▶ _SUPPLIED INFORMATION_:
((
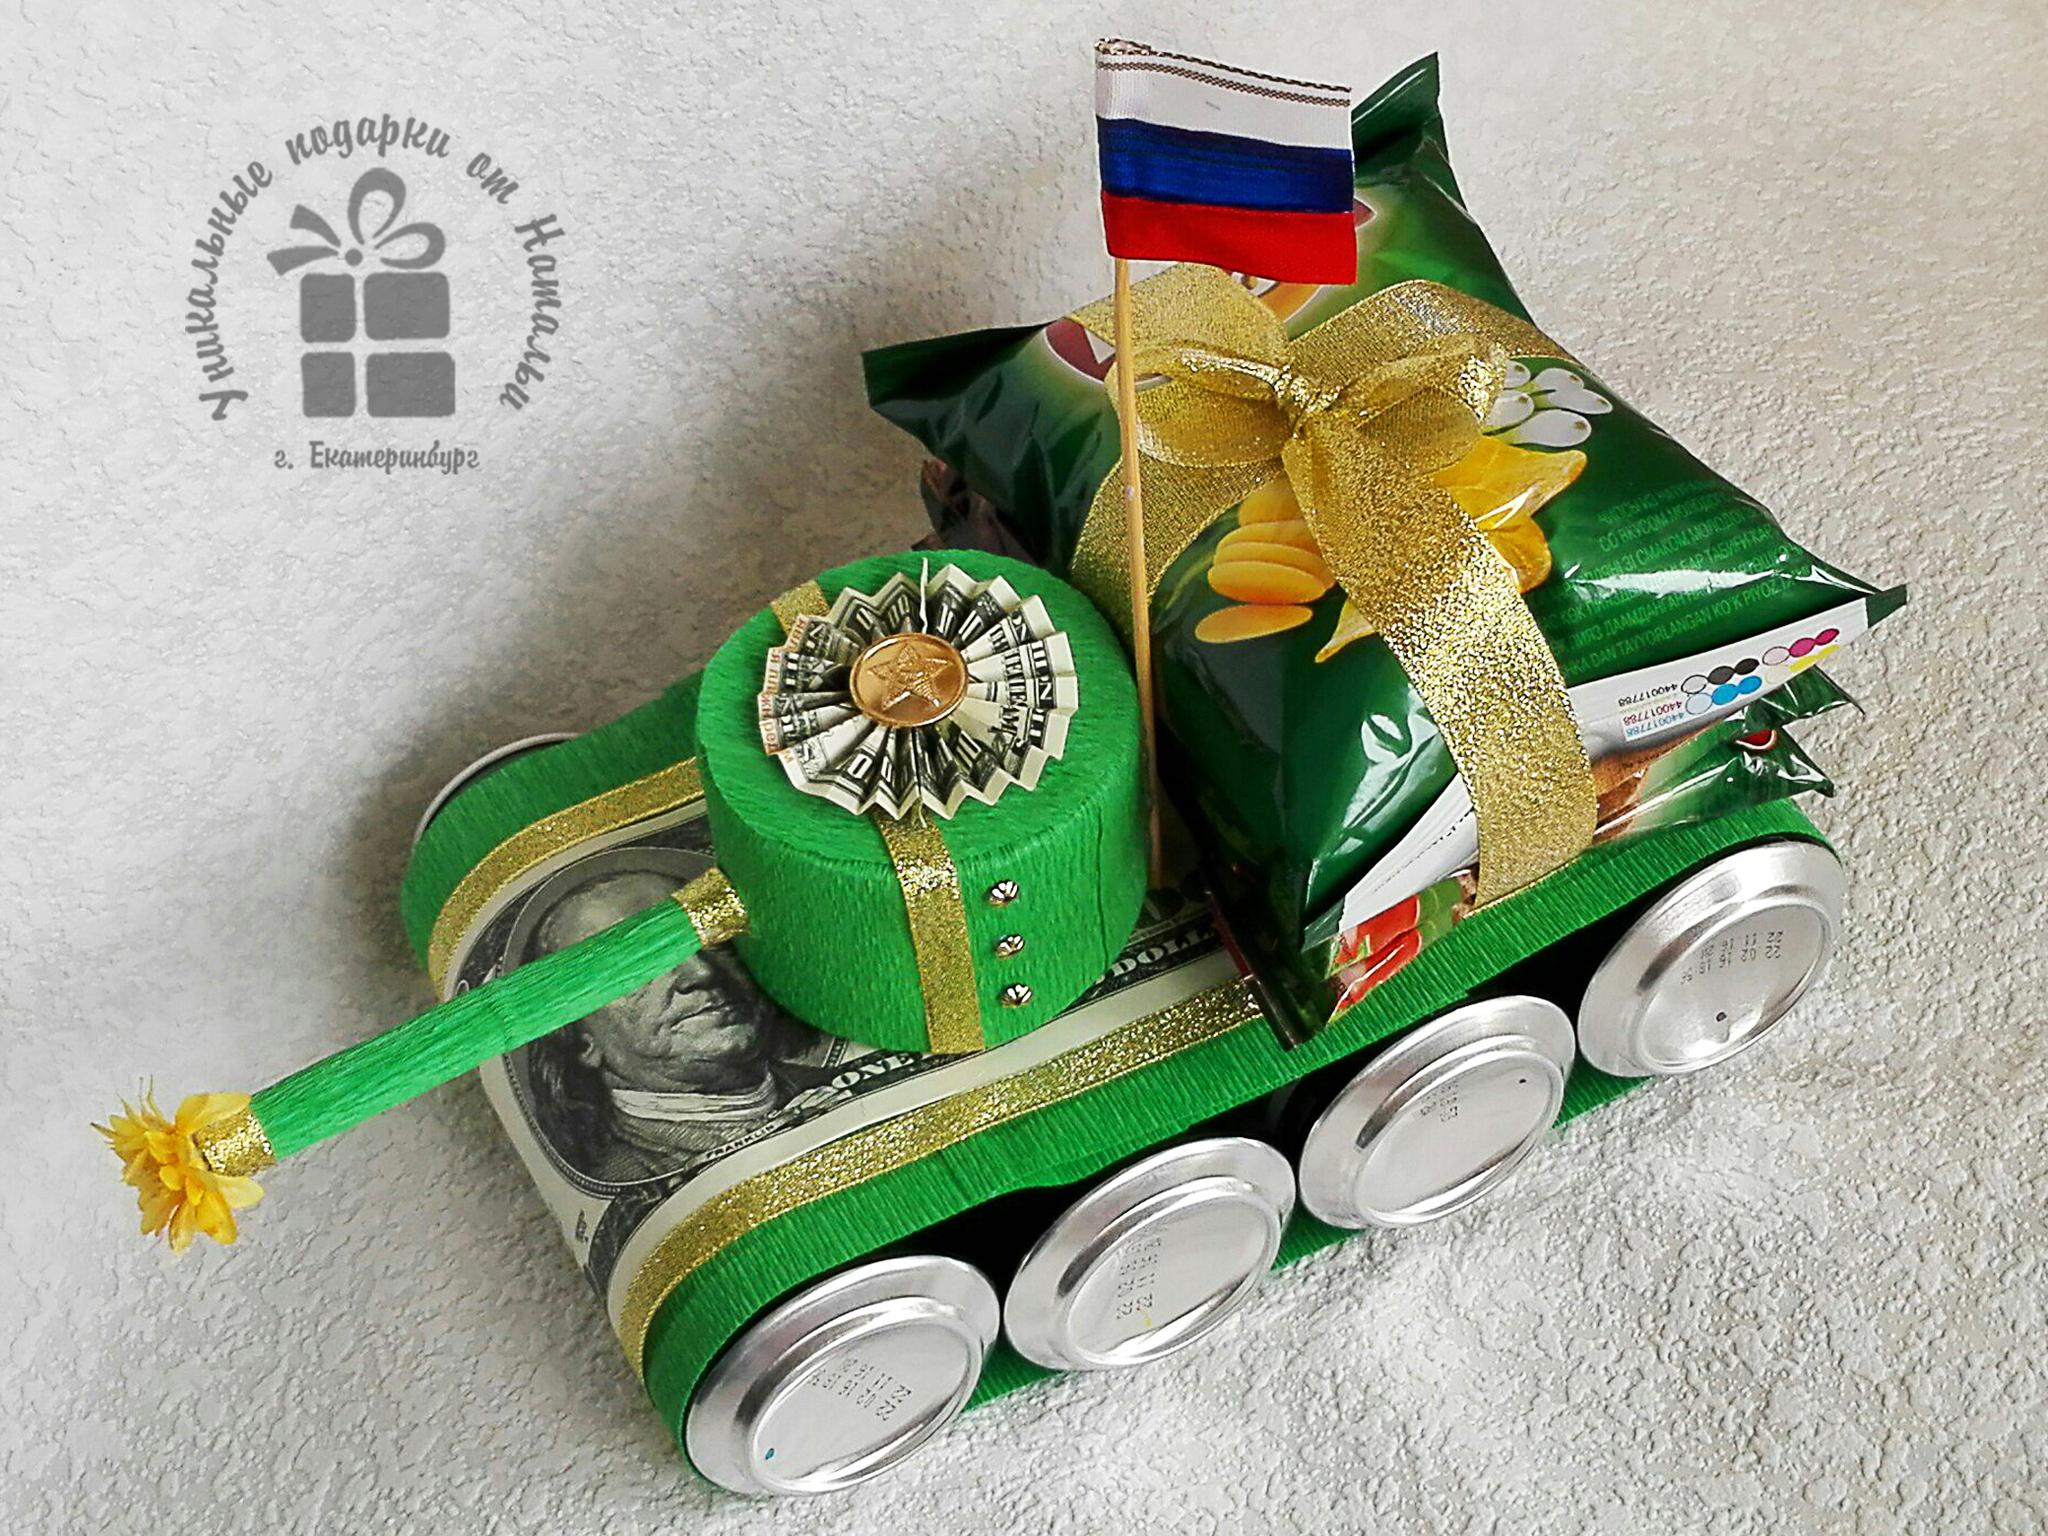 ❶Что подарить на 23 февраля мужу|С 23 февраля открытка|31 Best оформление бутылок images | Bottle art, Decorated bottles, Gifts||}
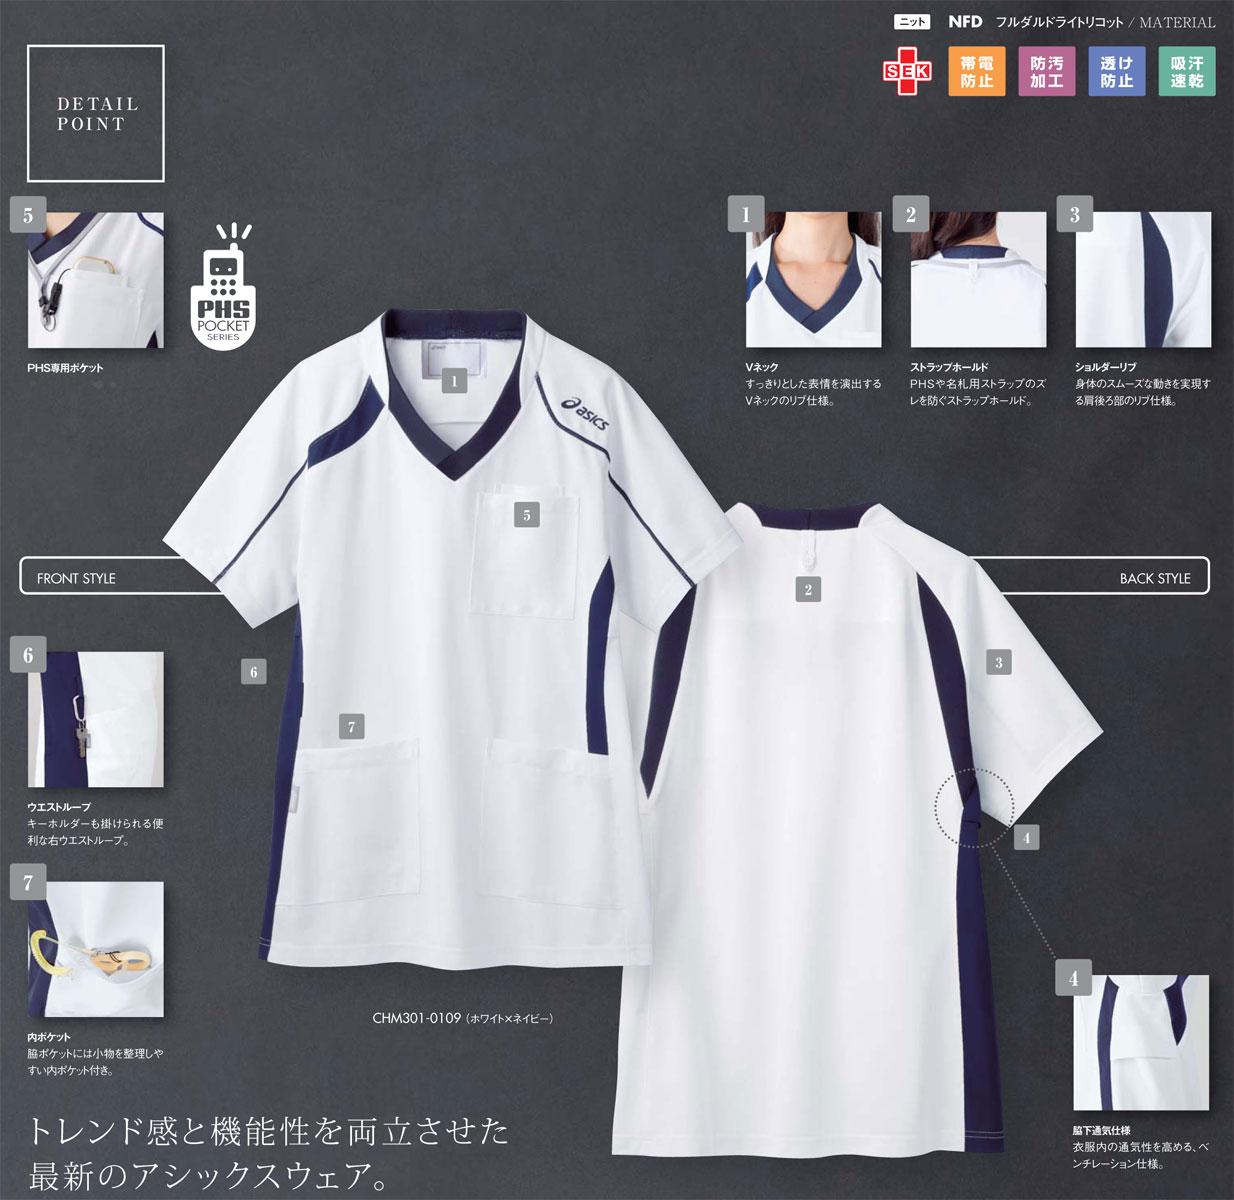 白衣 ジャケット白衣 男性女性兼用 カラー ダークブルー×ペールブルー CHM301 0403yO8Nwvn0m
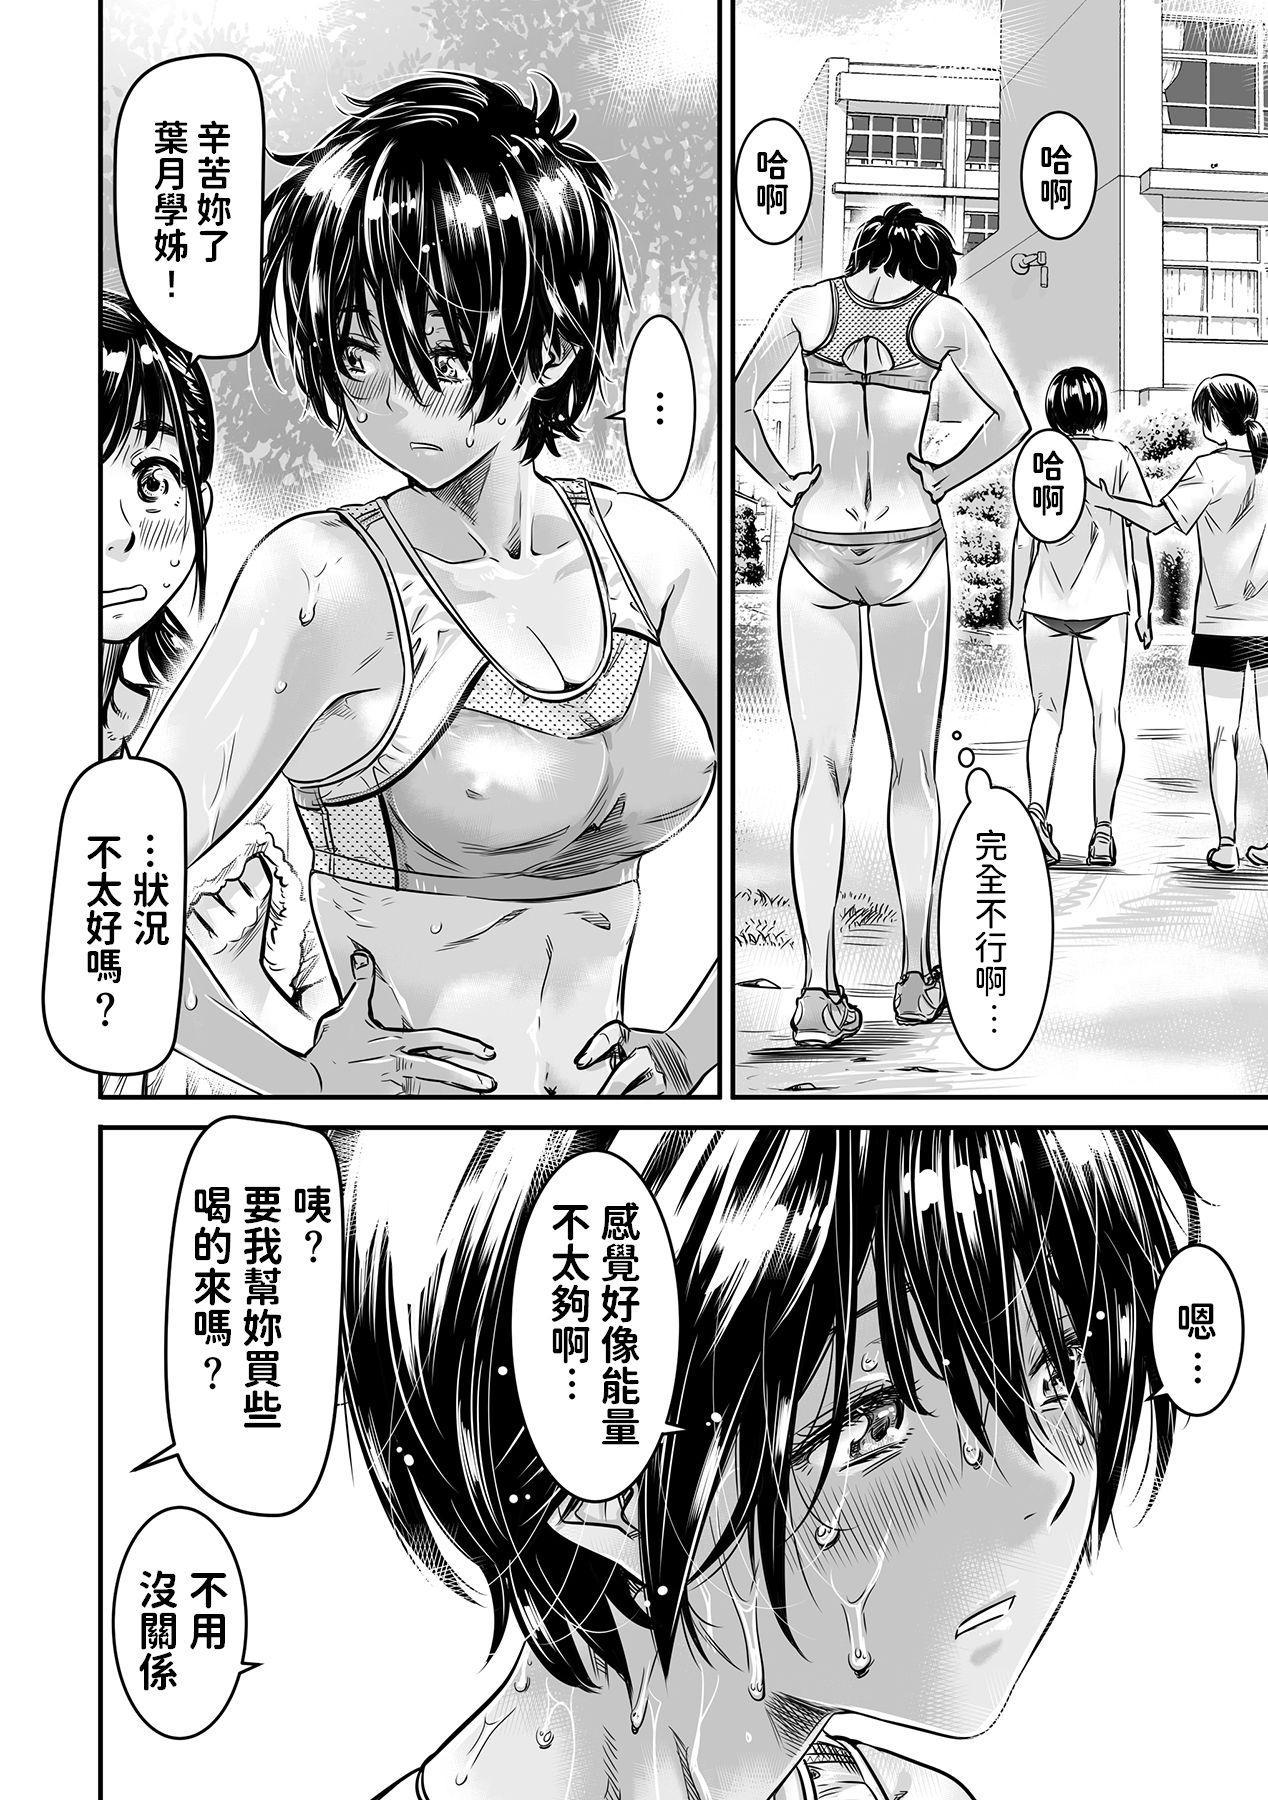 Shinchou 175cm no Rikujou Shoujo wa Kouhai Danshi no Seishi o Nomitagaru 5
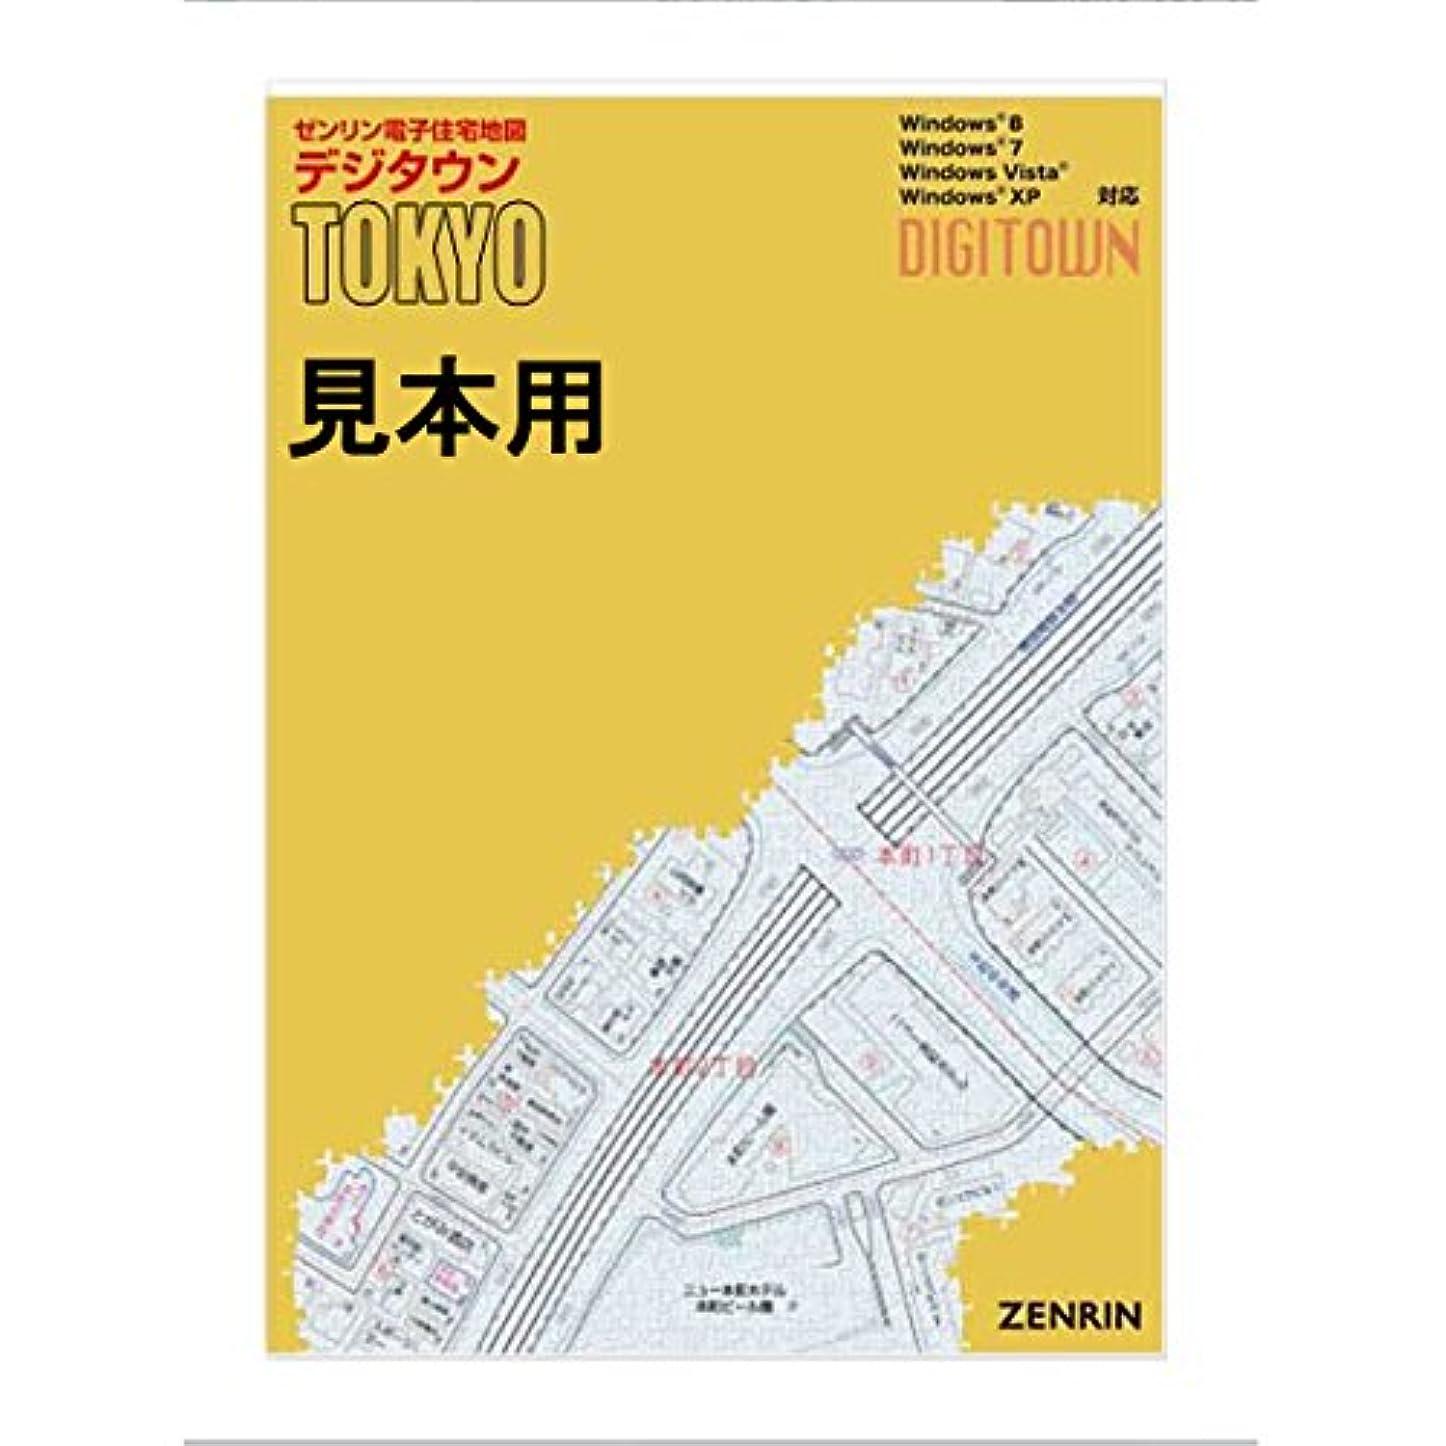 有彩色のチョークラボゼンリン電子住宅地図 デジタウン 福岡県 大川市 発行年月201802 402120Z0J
))
▶ _EXERCISE PROMPT_: From the first line to the last, give the data again exactly, but without pictures.

▶ _SOLUTION_:
 ❶Что подарить на 23 февраля мужу|С 23 февраля открытка|31 Best оформление бутылок images | Bottle art, Decorated bottles, Gifts||}
 白衣 ジャケット白衣 男性女性兼用 カラー ダークブルー×ペールブルー CHM301 0403yO8Nwvn0m
 Shinchou 175cm no Rikujou Shoujo wa Kouhai Danshi no Seishi o Nomitagaru 5
 有彩色のチョークラボゼンリン電子住宅地図 デジタウン 福岡県 大川市 発行年月201802 402120Z0J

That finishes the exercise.